From 2020 to 2022, undergraduate enrollment declined by 1.4 million students. This is a decrease of 9.4%, according to the National Student Clearinghouse Research Center.

Not only that, but employers in both the public and private sector are removing degree requirements for many jobs. For example, recently the state of Maryland made headlines when they announced that nearly half of the jobs that used to be degree dependent are now degree optional. Major companies in the private sector have also shifted from degree requirements to skill-based requirements, including Apple and Google. In 2021, Apple required a college degree for 72% of its job postings, down 17% from 2017, and Google required a degree for 77% of job postings, down 18%.

So what does all of this mean for you as you consider applying to college? It depends on your goals. Here are five things to know about the recent decrease in college enrollment and how it might impact you.

1. Even With Lower National Enrollment Numbers, Your Reach School May Still Be A Stretch

So does lower enrollment mean you have an easier path toward your dream school? Not necessarily. “I don’t believe lower enrollment rates translates to it being easier to get into reach schools at all,” says Michelle Siddons, a coach and tutor at Ivy Tutors Network, an education, test prep, and college counseling firm. “Top tier schools are still seeing record numbers of applications, and acceptance rates continue to go down.”

According to the data from the National Student Clearinghouse Research Center, private four-year institutions only saw their enrollment drop by 1.7% in spring 2022, which means you could find yourself on the waitlist of a reach school. Pre-pandemic, high school seniors were already applying to more colleges than ever before, making it challenging for admissions officers to estimate the amount of accepted students who would actually attend.
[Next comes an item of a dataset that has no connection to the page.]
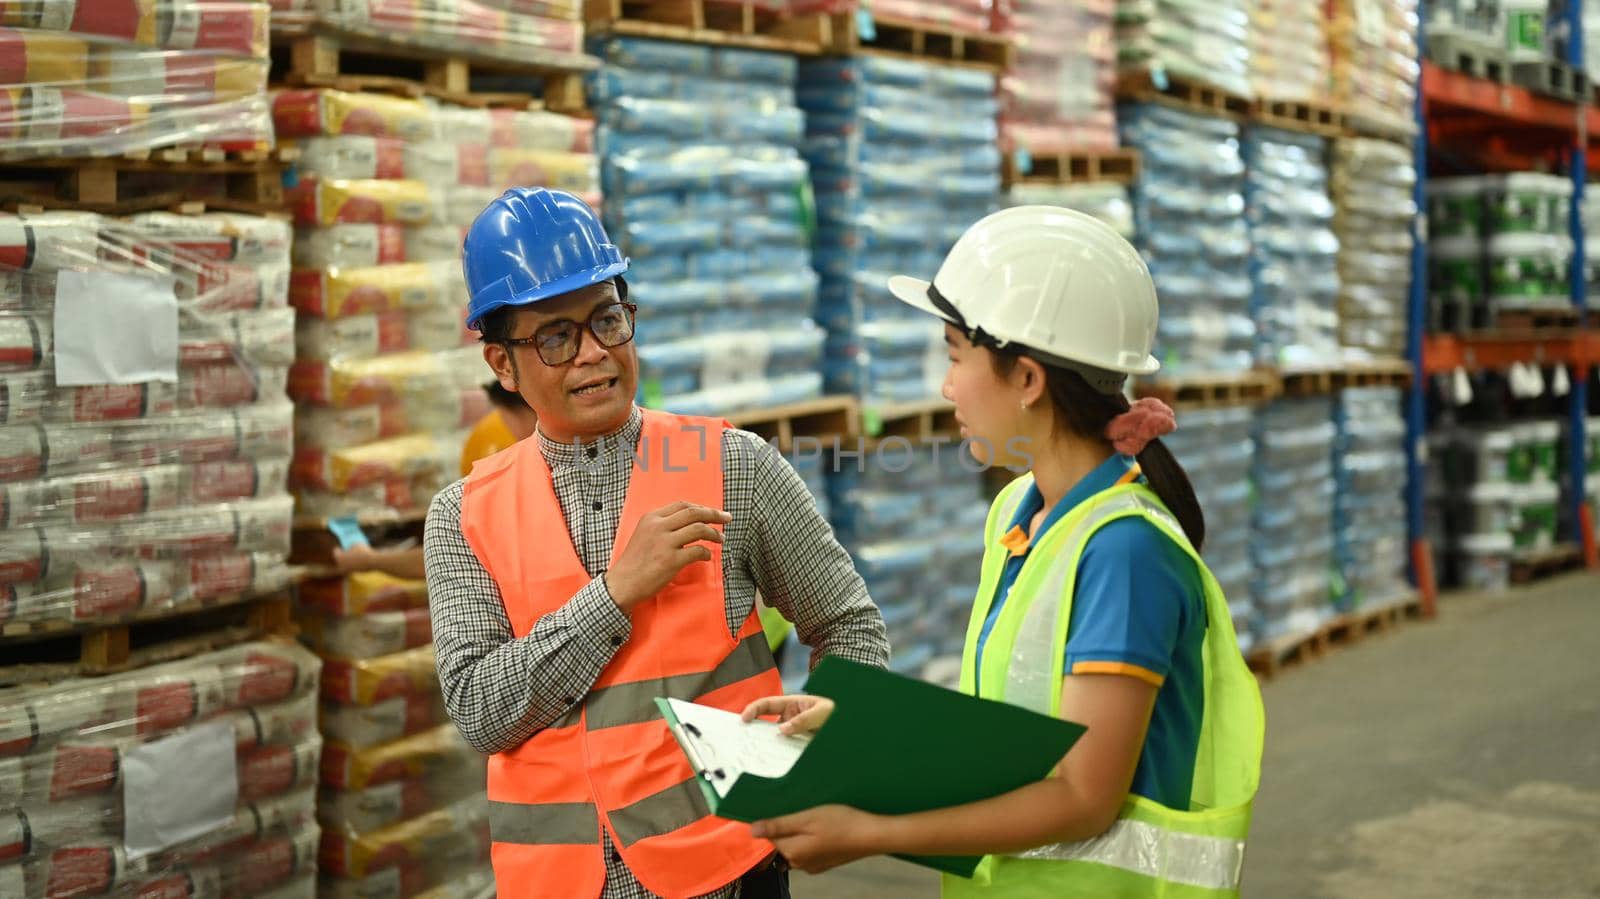 Senior male manager and young warehouse worker discussing work while walking in aisle between rows of tall shelves full of packed boxes.

So the longer the waitlist, the more likely the admissions office will hit their enrollment targets.

2. Lower Undergraduate Enrollment May Increase Scholarship Opportunities at Mid-Tier Schools

“Colleges with less than 20% admissions rates won’t need to put effort into recruiting and enrolling students,” says Kate Kaushal, Associate Director of Student Services for My College Planning Team, a Chicago-based college planning firm. This could result in fewer scholarships at highly selective schools, “but there may be money available for other, less-selective schools struggling to fill their freshman class.” You may find that connecting with admissions officers can help you make a case for your application and scholarship opportunities at certain universities.

As more colleges go test-optional and test-blind, admissions officers may be conducting personalized outreach toward high schools, as well as individual students. Students who might have been borderline for admissions for certain schools may benefit from developing a relationship with an admissions officer at those schools. These relationships may also clue you into specific scholarship opportunities that align with your background or your academic or personal goals.

3. Declines in College Enrollment May Mean Tuition is More Expensive

Public universities, whose budgets are partially dependent on enrollment, could face more compressed budgets, which may mean less institutional aid available, notes Siddons. Budget cuts may also raise the price of tuition at less-selective schools, especially as more students may opt for remote or commuter options, rather than living on campus. This may make it even more imperative for you to receive a comprehensive financial aid package for tuition options. Filling out the FAFSA® as well as the CSS Profile® if your school requires it can help make sure that you are eligible for federal student loans as well as any institutional aid. You may also want to keep your eye open for scholarship opportunities.

4. Declines in Undergraduate Enrollment May Change Your Career Opportunities

Even if a college degree isn’t required in a job description, a degree can set your résumé apart from the pack when it comes time to apply for a job, notes Kaushal. “Fewer college graduates coming into the job market mean those with college degrees may have an easier time obtaining higher-paying jobs as the baby boomer generation retires,” she says.

Not only that, but college can be a great time to make professional connections. Networking opportunities among alumni can be a helpful way to find entry-level jobs. Plus, colleges often have robust career development centers that can suggest internships, offer career counseling, and provide introductions across industries.

5. So, Is College Worth It? That Depends On What College Means To You

As college enrollment declines, many high school students may wonder what the value is in an undergraduate degree? The answer: a lot. The financial advantages are substantial. Data collected by the Social Security Administration suggests that men will earn $655,000 more and women will earn $450,000 more in lifetime earnings than people with only high school diplomas.

There are also intrinsic advantages. A 2021 survey from the Pew Research Center found that the majority of college graduates believed their education was “extremely or very” useful when it came to helping them grow personally and intellectually. College graduates also may have advantages beyond financial and professional opportunities: Research suggests the more education you have, the happier you’ll be.

But as the role of college changes, it can be a good idea to dig inward to figure out what college means for you: What do you want to get out of a degree? If you don’t know these answers right now, it might mean that a gap year or community college could be an option until the answer is more clear.